ACTIVITY: Retype the material below exactly, from its first line through the line with "Как выбрать кровать"; the pictures stay out.

INPUT DATA:
-- Opening Marker --

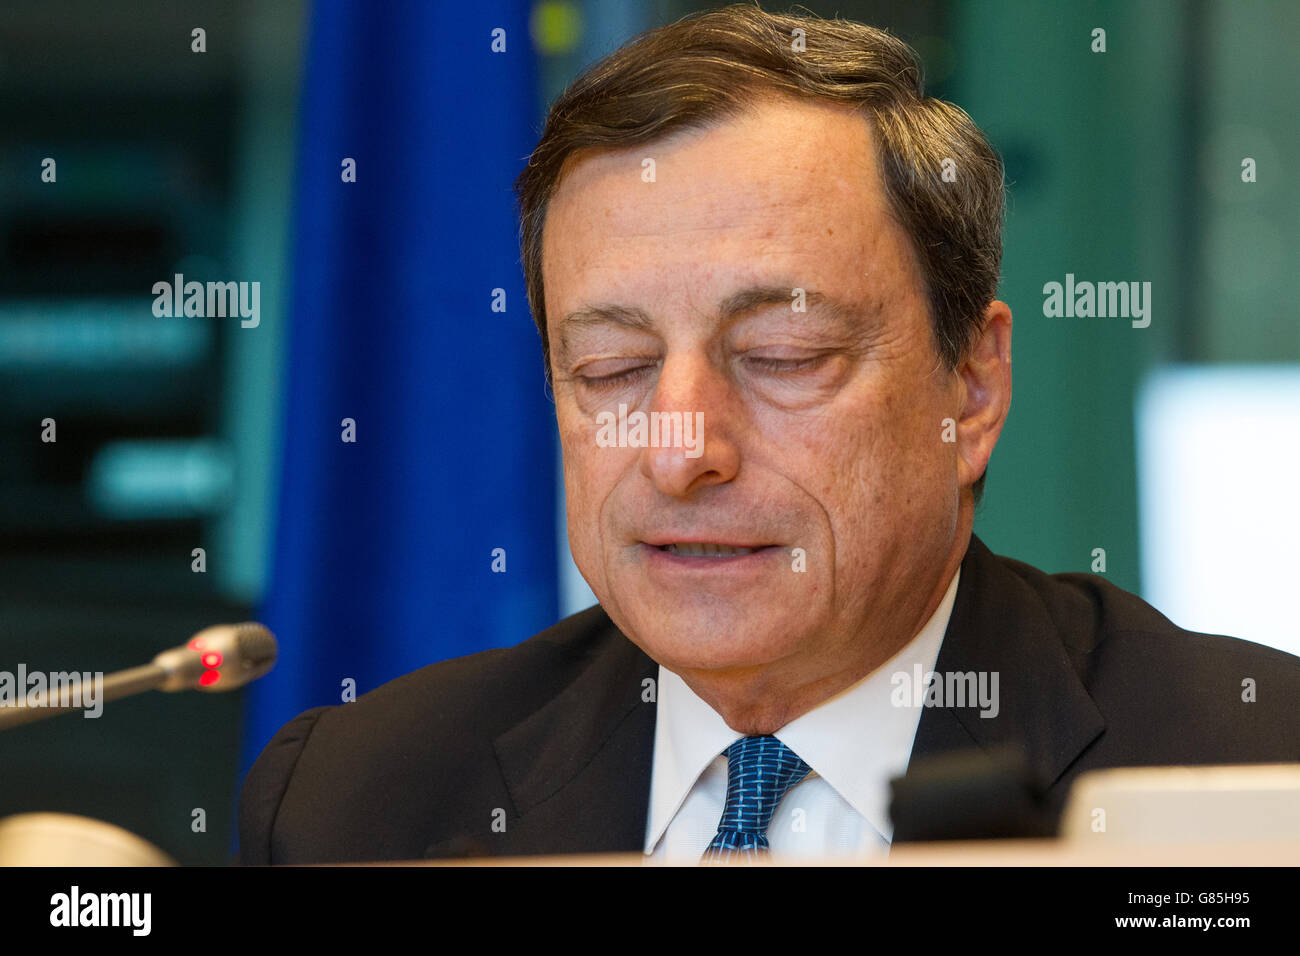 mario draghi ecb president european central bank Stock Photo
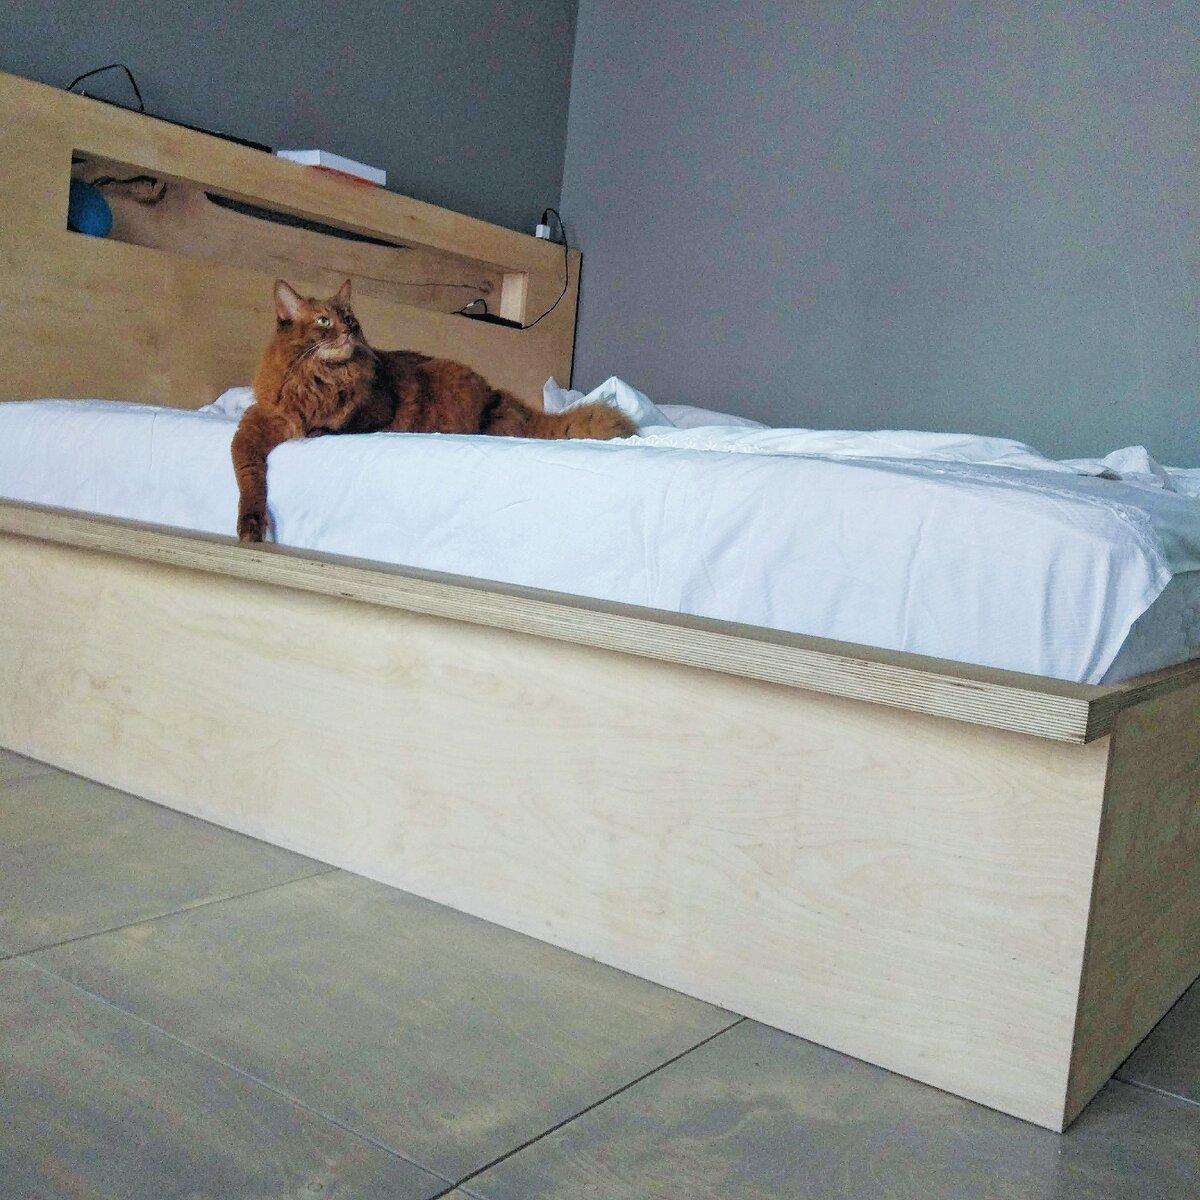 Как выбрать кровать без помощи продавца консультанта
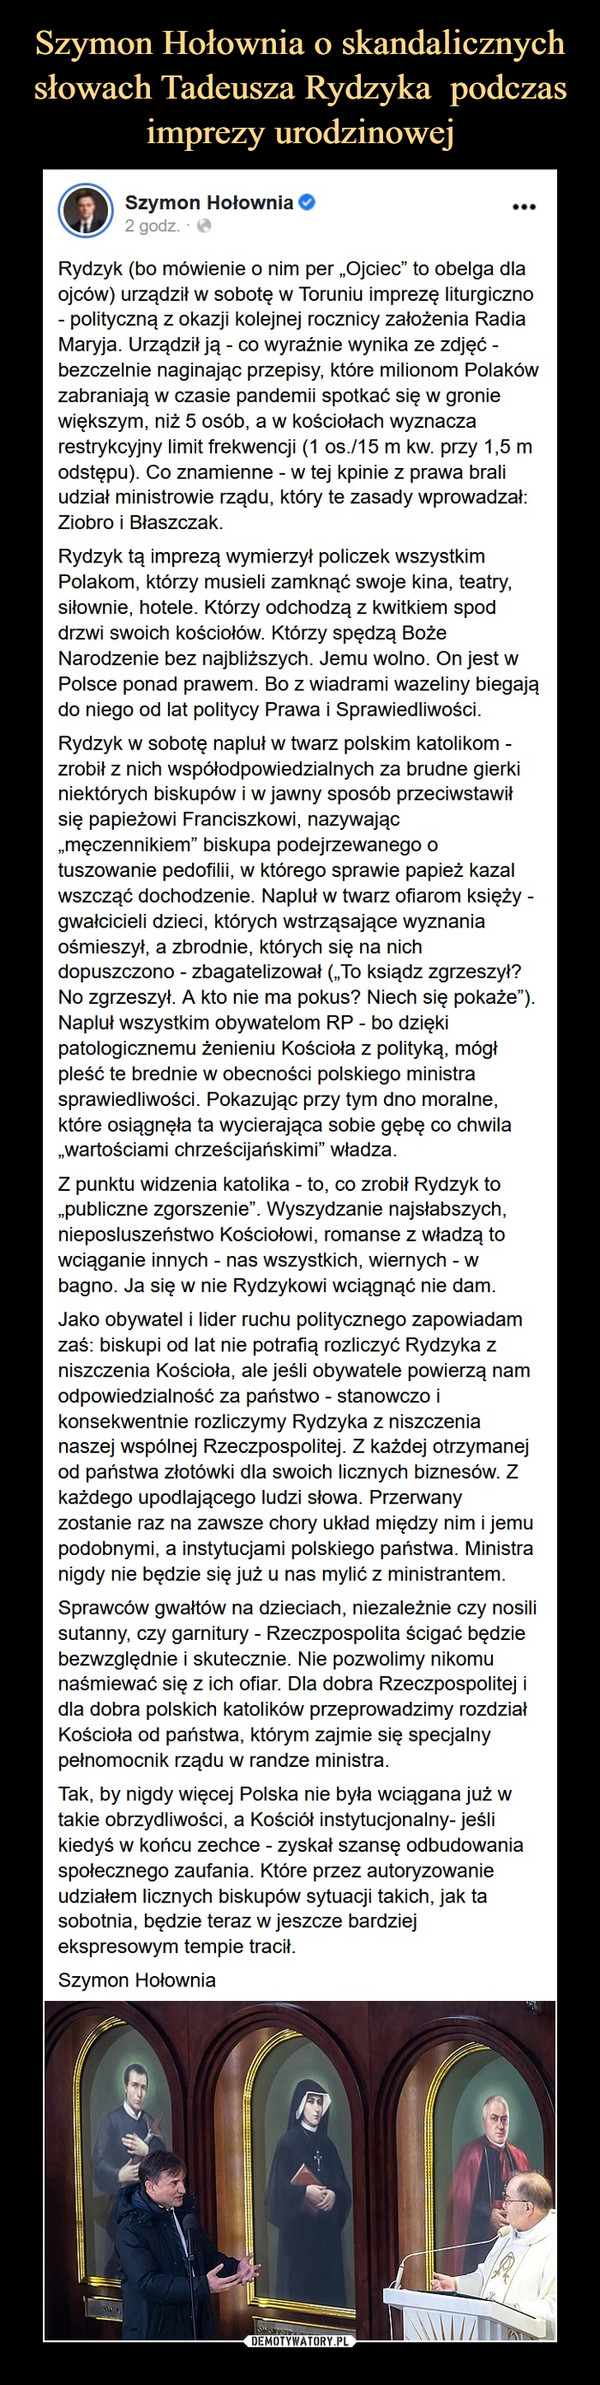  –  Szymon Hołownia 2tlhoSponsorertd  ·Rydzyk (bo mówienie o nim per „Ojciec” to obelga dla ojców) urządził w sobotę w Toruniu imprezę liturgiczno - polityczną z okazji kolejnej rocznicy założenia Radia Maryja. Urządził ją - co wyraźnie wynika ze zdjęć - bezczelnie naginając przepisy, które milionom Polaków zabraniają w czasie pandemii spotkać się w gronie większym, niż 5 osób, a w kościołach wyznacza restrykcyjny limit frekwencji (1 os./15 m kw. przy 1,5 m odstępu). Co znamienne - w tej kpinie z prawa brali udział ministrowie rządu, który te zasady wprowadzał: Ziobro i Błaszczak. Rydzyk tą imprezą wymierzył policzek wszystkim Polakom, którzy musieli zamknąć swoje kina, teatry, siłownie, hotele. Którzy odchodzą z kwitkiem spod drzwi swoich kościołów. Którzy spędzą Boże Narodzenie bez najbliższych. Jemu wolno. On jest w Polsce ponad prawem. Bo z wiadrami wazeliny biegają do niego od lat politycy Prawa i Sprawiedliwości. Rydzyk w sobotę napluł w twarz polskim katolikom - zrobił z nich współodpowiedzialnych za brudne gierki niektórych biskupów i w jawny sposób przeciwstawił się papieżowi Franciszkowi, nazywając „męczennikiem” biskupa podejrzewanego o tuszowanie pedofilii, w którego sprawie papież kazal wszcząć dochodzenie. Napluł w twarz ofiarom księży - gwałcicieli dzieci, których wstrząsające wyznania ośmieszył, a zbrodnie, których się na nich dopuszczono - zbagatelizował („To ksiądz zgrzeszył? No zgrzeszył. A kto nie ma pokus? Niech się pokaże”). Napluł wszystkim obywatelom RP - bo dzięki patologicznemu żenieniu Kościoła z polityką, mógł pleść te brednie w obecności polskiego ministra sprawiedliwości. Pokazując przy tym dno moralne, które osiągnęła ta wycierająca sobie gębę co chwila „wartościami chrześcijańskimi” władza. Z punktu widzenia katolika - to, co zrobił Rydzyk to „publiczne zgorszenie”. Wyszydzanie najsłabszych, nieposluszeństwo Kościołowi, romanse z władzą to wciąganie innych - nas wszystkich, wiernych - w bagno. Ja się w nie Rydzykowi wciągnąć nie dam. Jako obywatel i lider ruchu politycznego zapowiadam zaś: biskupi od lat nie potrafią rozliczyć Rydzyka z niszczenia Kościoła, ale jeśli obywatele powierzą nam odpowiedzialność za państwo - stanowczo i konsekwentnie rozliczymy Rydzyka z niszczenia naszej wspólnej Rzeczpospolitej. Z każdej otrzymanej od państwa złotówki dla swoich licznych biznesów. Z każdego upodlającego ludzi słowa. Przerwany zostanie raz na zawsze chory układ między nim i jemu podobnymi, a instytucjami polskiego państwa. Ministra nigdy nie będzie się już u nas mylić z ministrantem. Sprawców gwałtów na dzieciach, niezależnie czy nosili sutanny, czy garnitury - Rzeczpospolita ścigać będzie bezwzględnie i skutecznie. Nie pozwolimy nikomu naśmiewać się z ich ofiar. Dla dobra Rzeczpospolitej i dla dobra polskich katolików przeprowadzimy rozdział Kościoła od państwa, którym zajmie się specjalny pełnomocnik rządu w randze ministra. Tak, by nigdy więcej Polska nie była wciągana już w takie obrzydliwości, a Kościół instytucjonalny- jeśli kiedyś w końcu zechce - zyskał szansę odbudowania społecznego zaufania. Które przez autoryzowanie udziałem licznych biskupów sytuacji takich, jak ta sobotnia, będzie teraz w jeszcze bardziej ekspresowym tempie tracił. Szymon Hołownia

-- Closing Marker --

ANSWER TO THIS EXERCISE:
 mario draghi ecb president european central bank Stock Photo
 Как выбрать кровать без помощи продавца консультанта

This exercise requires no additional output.